– Я не убегу, – сказал Равик, достал кредитку в двадцать франков и помахал ею.

– Понимаю. Задержимся на несколько минут.

Они доехали до ближайшего бистро. На тротуаре стояли столики. Было прохладно, хотя светило солнце.

– Что вы будете пить? – спросил Равик.

– «Амер Пикон». В это время дня ничего другого не пью.

– А я возьму большую рюмку коньяку. Без воды. Равик сидел за столиком, дыша полной грудью. Он был спокоен. Дышать свежим воздухом, как это много! На ветвях деревьев набухли коричне – вые блестящие почки. Пахло свежим хлебом и молодым вином. Кельнер принес рюмки.
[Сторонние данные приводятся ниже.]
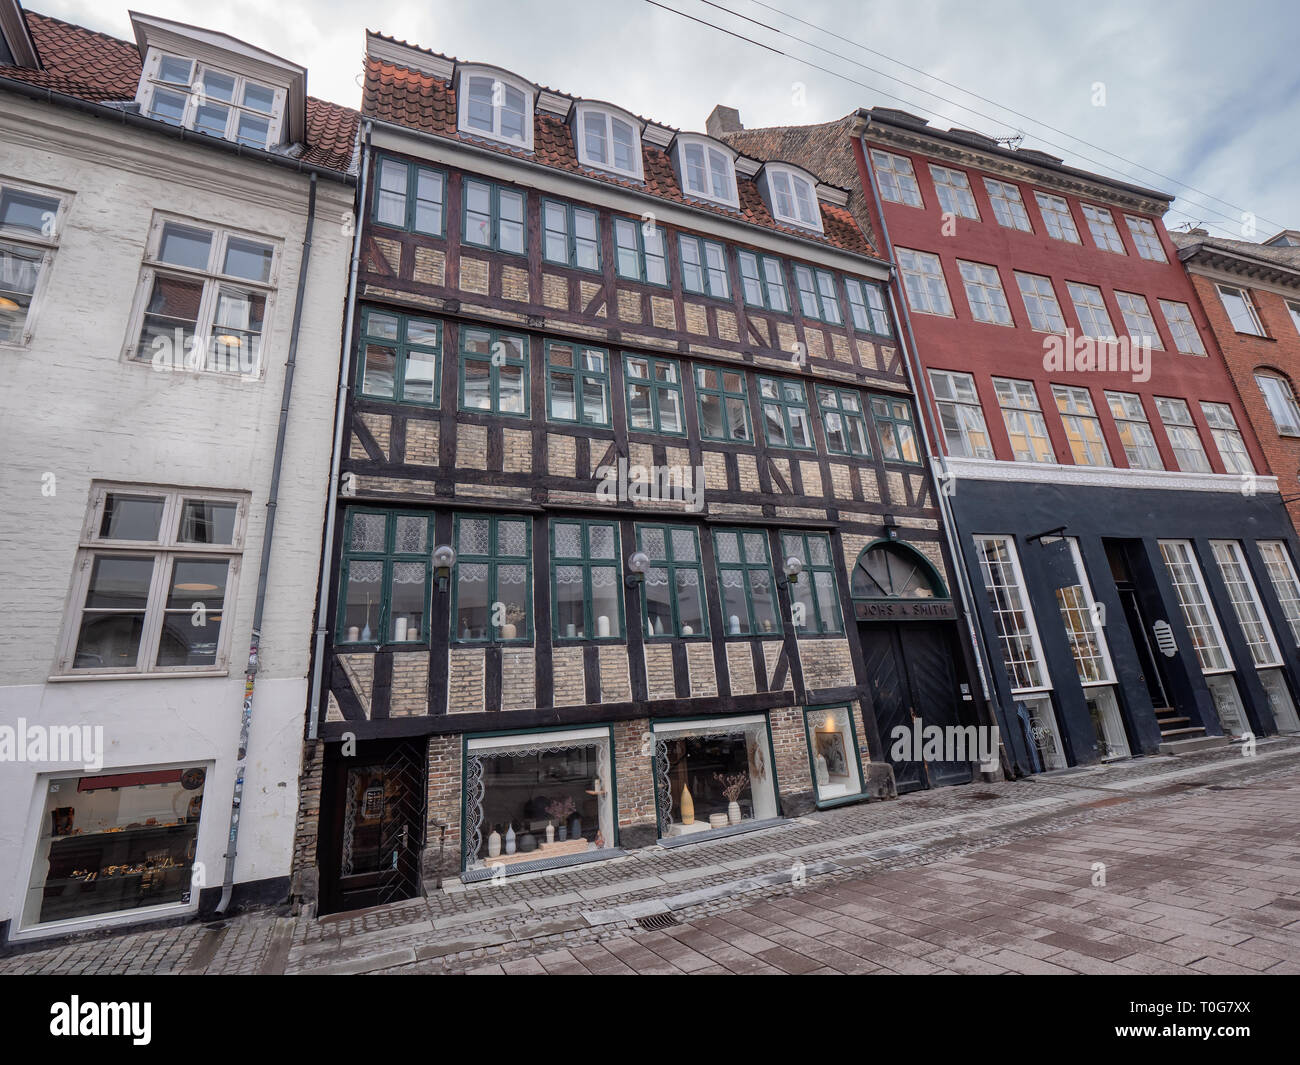 Copenhagen old cobbled streets, Denmark Stock Photo

– Где тут у вас телефон? – спросил Равик.

– Внутри, справа возле туалета.

– Но позвольте… – произнес полицейский.

Равик сунул ему в руку кредитку в двадцать франков.

– Я должен позвонить одной даме, неужели вы не понимаете? Никуда я не денусь. Хотите, пойдем вместе. Идемте.

Полицейский недолго колебался.

– Ладно, – сказал он и встал. – В конце концов человек есть человек.

– Жоан…

– Равик!.. Боже мой! Где ты?.. Тебя выпустили? Скажи, где ты находишься?..

– Я в бистро…

– Оставь свои шутки. Скажи правду, где ты.

– Я нахожусь в бистро.

– Но где, где? Значит, ты не в тюрьме? Где ты пропадал? Твой Морозов…

– Он сказал тебе правду.

– Он даже не сказал мне, куда тебя отправили. Иначе я бы тут же…

– Потому он и не сказал тебе всего. Так лучше.

– Почему ты звонишь из бистро? Почему не приехал ко мне?

– Я не могу приехать. У меня совсем нет времени. Еле уговорил полицейского забежать сюда на минутку. Жоан, не сегодня-завтра меня доставят к швейцарской границе и… – Равик посмотрел через стекло телефонной будки: полицейский, прислонившись к стойке, с кем-то разговаривал, – я сразу же вернусь оттуда. – Он выдержал паузу. – Жоан…

– Я еду к тебе. Немедленно. Скажи только – где ты?

– Не успеешь. До меня полчаса езды. А остались считанные минуты.

– Задержи полицейского! Дай ему денег! Я привезу с собой деньги!

– Нет, Жоан… Не надо… Так проще. Так лучше.

Он слышал в трубке ее дыхание.

– Ты не хочешь видеть меня?

Это было невыносимо. Не следовало звонить, подумал он. Разве можно что-нибудь объяснить, когда не смотришь друг другу в глаза?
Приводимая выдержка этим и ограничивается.